By now, the world knows that music from late music icon Prince will live on forever and a day. That belief was further stoked after the singer’s sister, Tyka Nelson, recently announced there are 984 songs (and still counting) written by her beloved brother. On November 22nd, the estate introduced a song called “Moonbeam Levels” at a private listening party in New York City at Cutting Room Studios which was hosted by ABC News. Prince originally recorded the track in 1982 while working on his hit “1999” album.

Although there were bootleg copies of the song made in the past, “Moonbeam Levels” is now officially included on the newly released Prince greatest hits collection “Prince 4ever.

Also in the works is a deluxe remastered version of “Purple Rain” which will include an additional album of previously unreleased music and is anticipated to drop in early 2017. The “Moonbeam Levels” track is described as a “slow burgeoning funk ballad” and was covered by English musician Elvis Costello during a Prince tribute concert at Carnegie Hall in 2013.

Prince 4ever and always

Since the shocking death of Prince on April 21st, his estate has slowly fed the public with plans of unveiling his recordings posthumously. The “Prince 4ever” 40-track album will feature a snippet of unreleased music from his vast amount of recordings. The album will be widely available starting November 25th, just in time for Christmas. There is little doubt that it will be a huge success, topping charts and possibly winning awards (sadly, posthumously).

It will also be interesting to hear songs for the first time that Prince recorded with other artists.

Who has the rights to rights?

Ownership, when it comes to Prince’s music, is a murky matter these days.
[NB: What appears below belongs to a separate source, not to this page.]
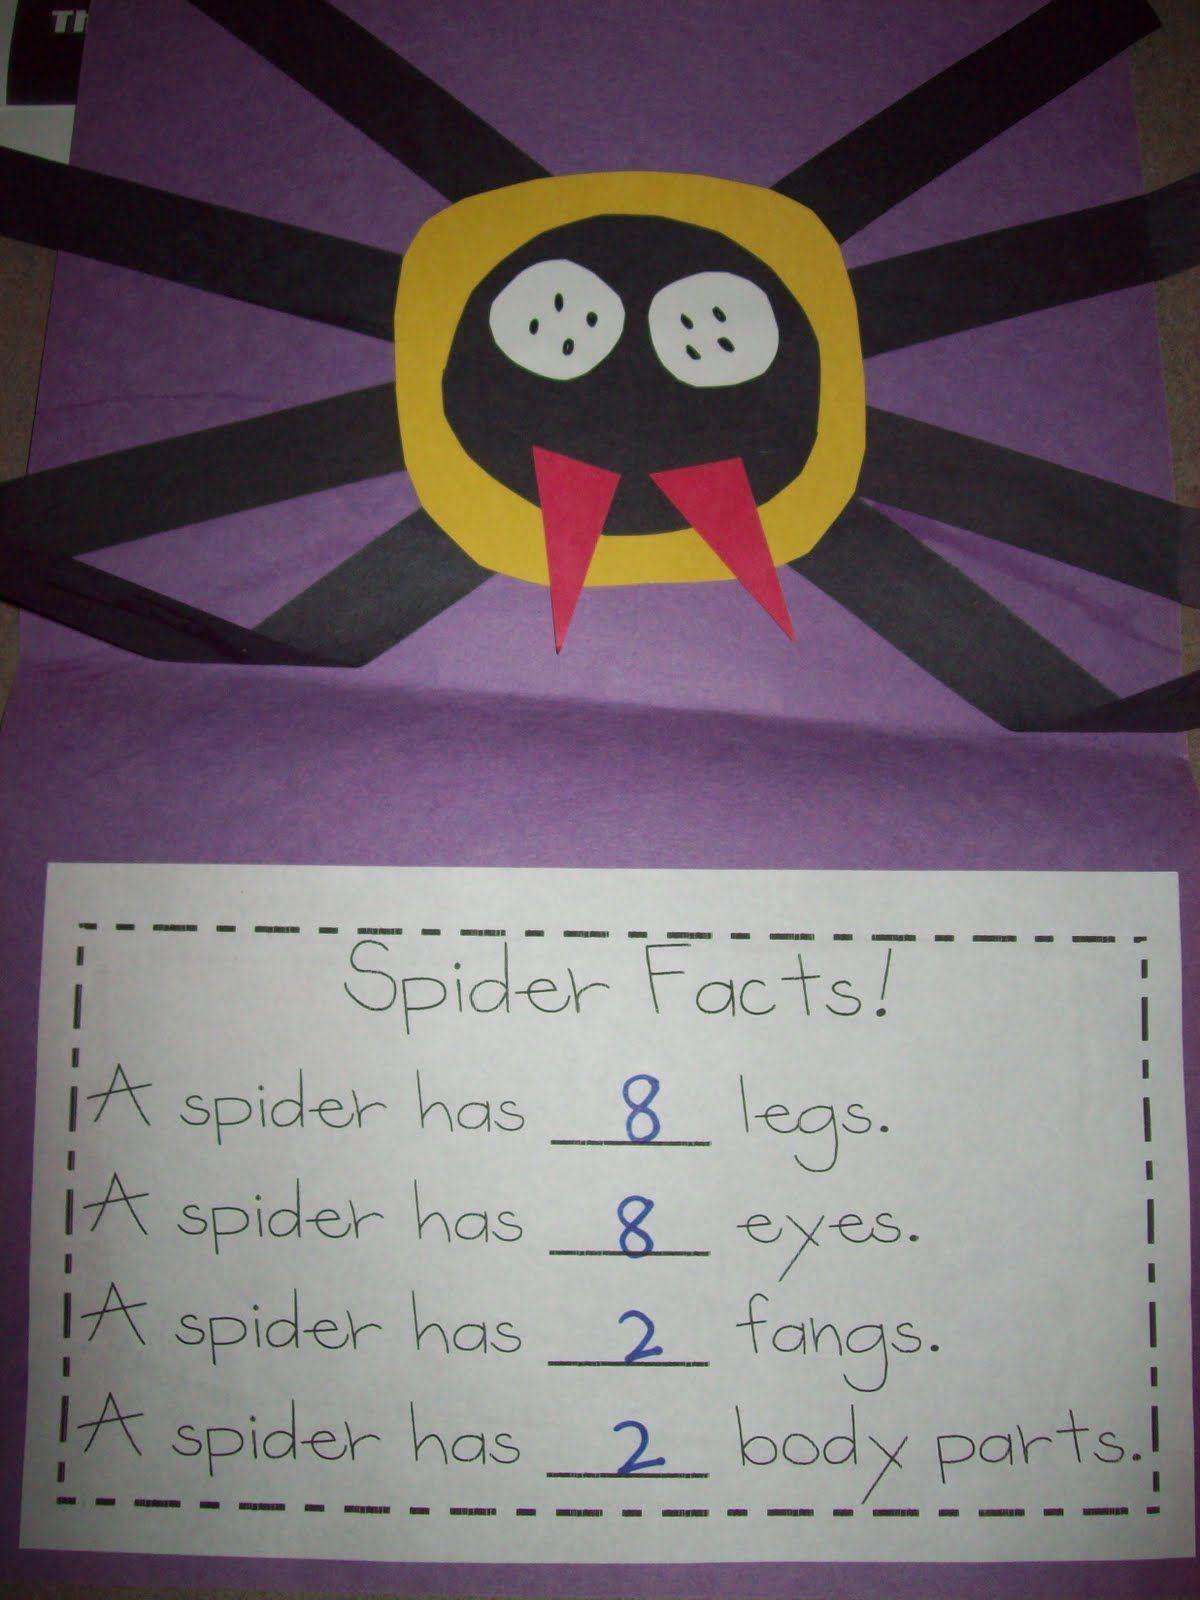 Spider Facts

Prince’s estate and NPG Record label are in the process of suing Jay-Z’s management firm Roc Nation regarding the streaming of Prince’s back catalog to its customers. Roc Nation claims to have exclusive streaming rights.

Meanwhile, the estate claims the tech company, Tidal, is not only exploiting Prince’s work, but may have breached agreements and copyrights as well. A lawsuit has been filed with the Minnesota court system.